Sen. John Kerry (D-Mass.) plans to introduce an amendment on the Senate floor that ensures that foreign investors are not afforded greater legal rights to sue than the U.S. Constitution affords domestic investors. We'll keep Takings Watch readers posted on further developments.


Tahoe Oral Argument Transcript

A transcript of the Jan. 7 U.S. Supreme Court oral argument in the Tahoe moratorium case is available on CRC's web site at This transcript identifies the name of the Justice asking each question, which makes it a more interesting and illuminating read than the transcript provided by most other sources.


Remembering Peter Milius

Those who oppose outlandish reinterpretations of takings doctrine lost an ally on January 10 with the sudden death of Peter Milius at the age of 64. Peter was an editor and editorial writer at the Washington Post. Although Washington Post editorials are unsigned, many in the takings community know that it was Peter who crafted the Post's first critiques of federal takings bills.

As early as February 1995, Peter sounded the alarm on the compensation bills that flowed from the Contract with America. In a 1997 editorial entitled "Son of Takings," Peter took on the National Association of Home Builders' takings/ripeness bill, noting the hypocrisy among politicians who proclaimed themselves to be federalists and yet supported the bill's unprecedented shift of control over land-use issues from local officials to federal courts.

Takings was, of course, only a tiny sliver of Peter's bailiwick. He was perhaps best known for his editorials on welfare reform, for which he was nominated as one of three finalists for a Pulitzer Prize. But his approach to takings characterized the entirety of his work. He rendered complex policy debates into plain English arguments; he insisted on reading the actual bill language, not just the talking points; he brought a meticulous eye to the nooks and crannies of legislation to determine how it would affect the lives of ordinary people; and he recognized the need to balance competing concerns.
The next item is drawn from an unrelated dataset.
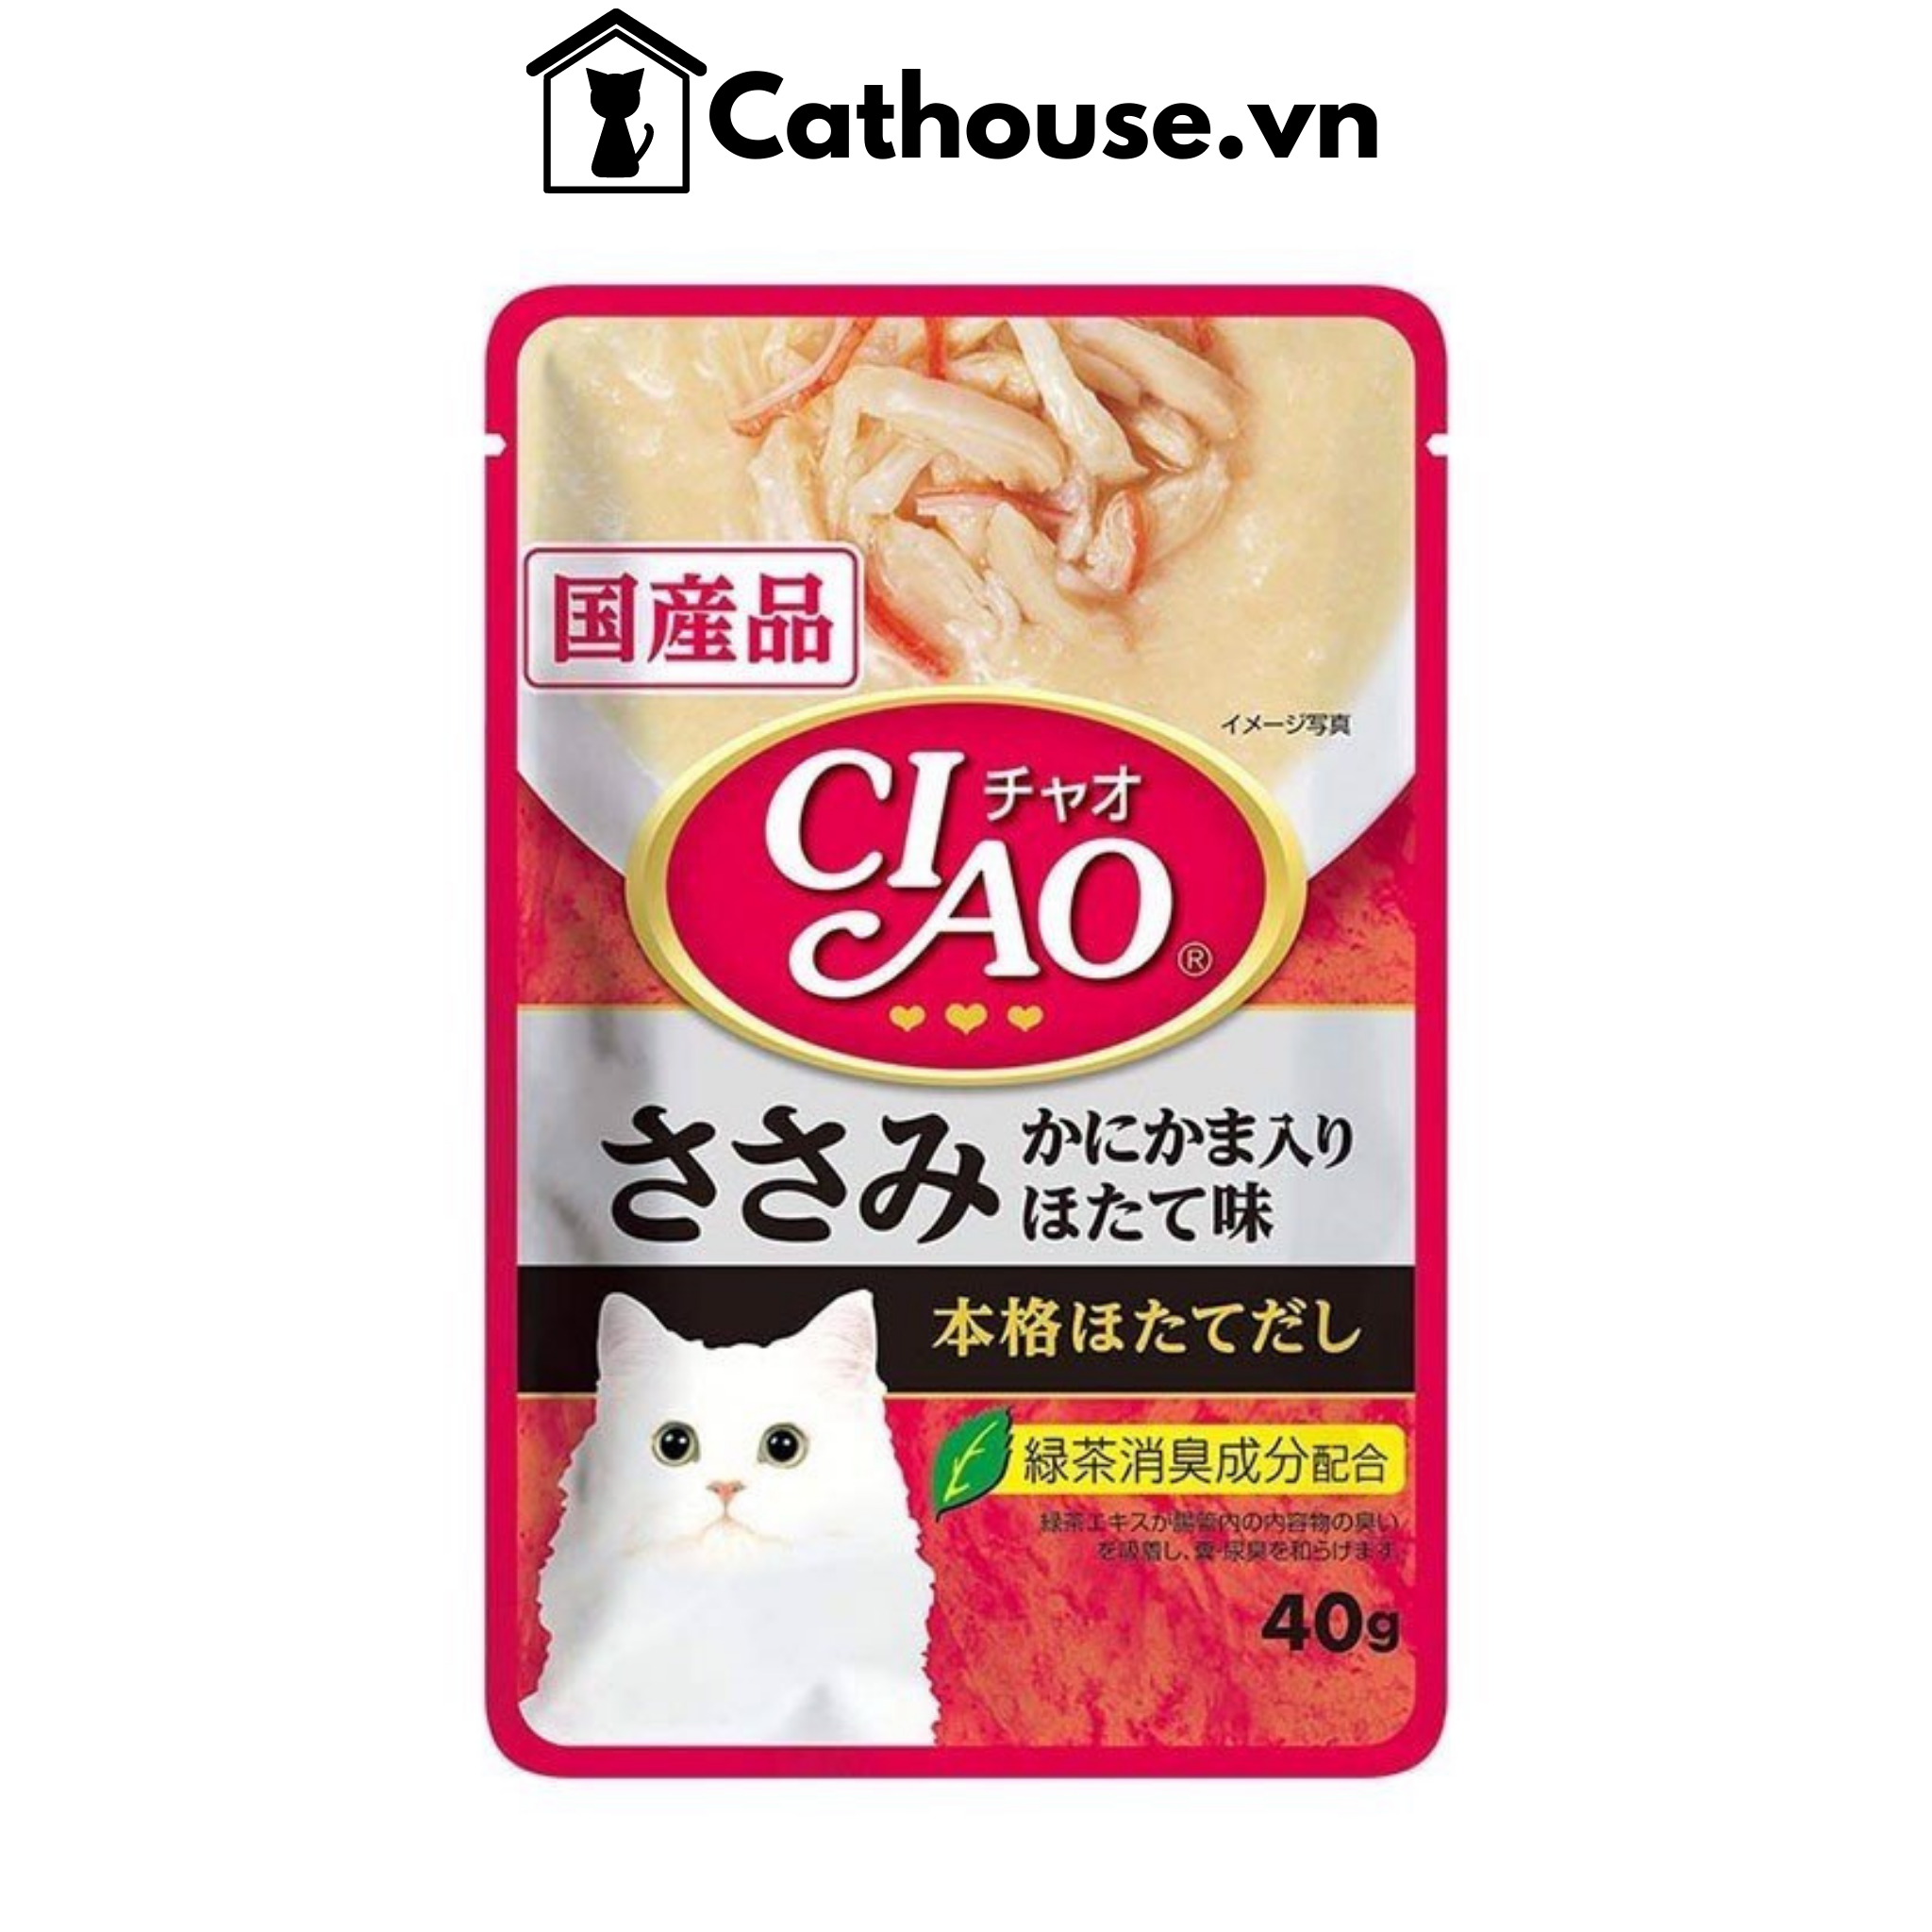  Pate Ciao Soup Cho Mèo Gói 40G

Indeed, balance was the hallmark of his thinking and writing. He viewed takings jurispru-dence as a balanced effort to consider all relevant factors -- an approach he described as "muddy" but "usefully so" -- and he therefore bristled at proposed compensation schemes that considered only lost profits at the expense of the public good.

His colleagues at the Post remember not only his tremendous talent, but also his unfailing generosity and self-deprecating sense of humor, all-too-rare characteristics for a person of influence in our nation's capital. Peter's voice will be greatly missed.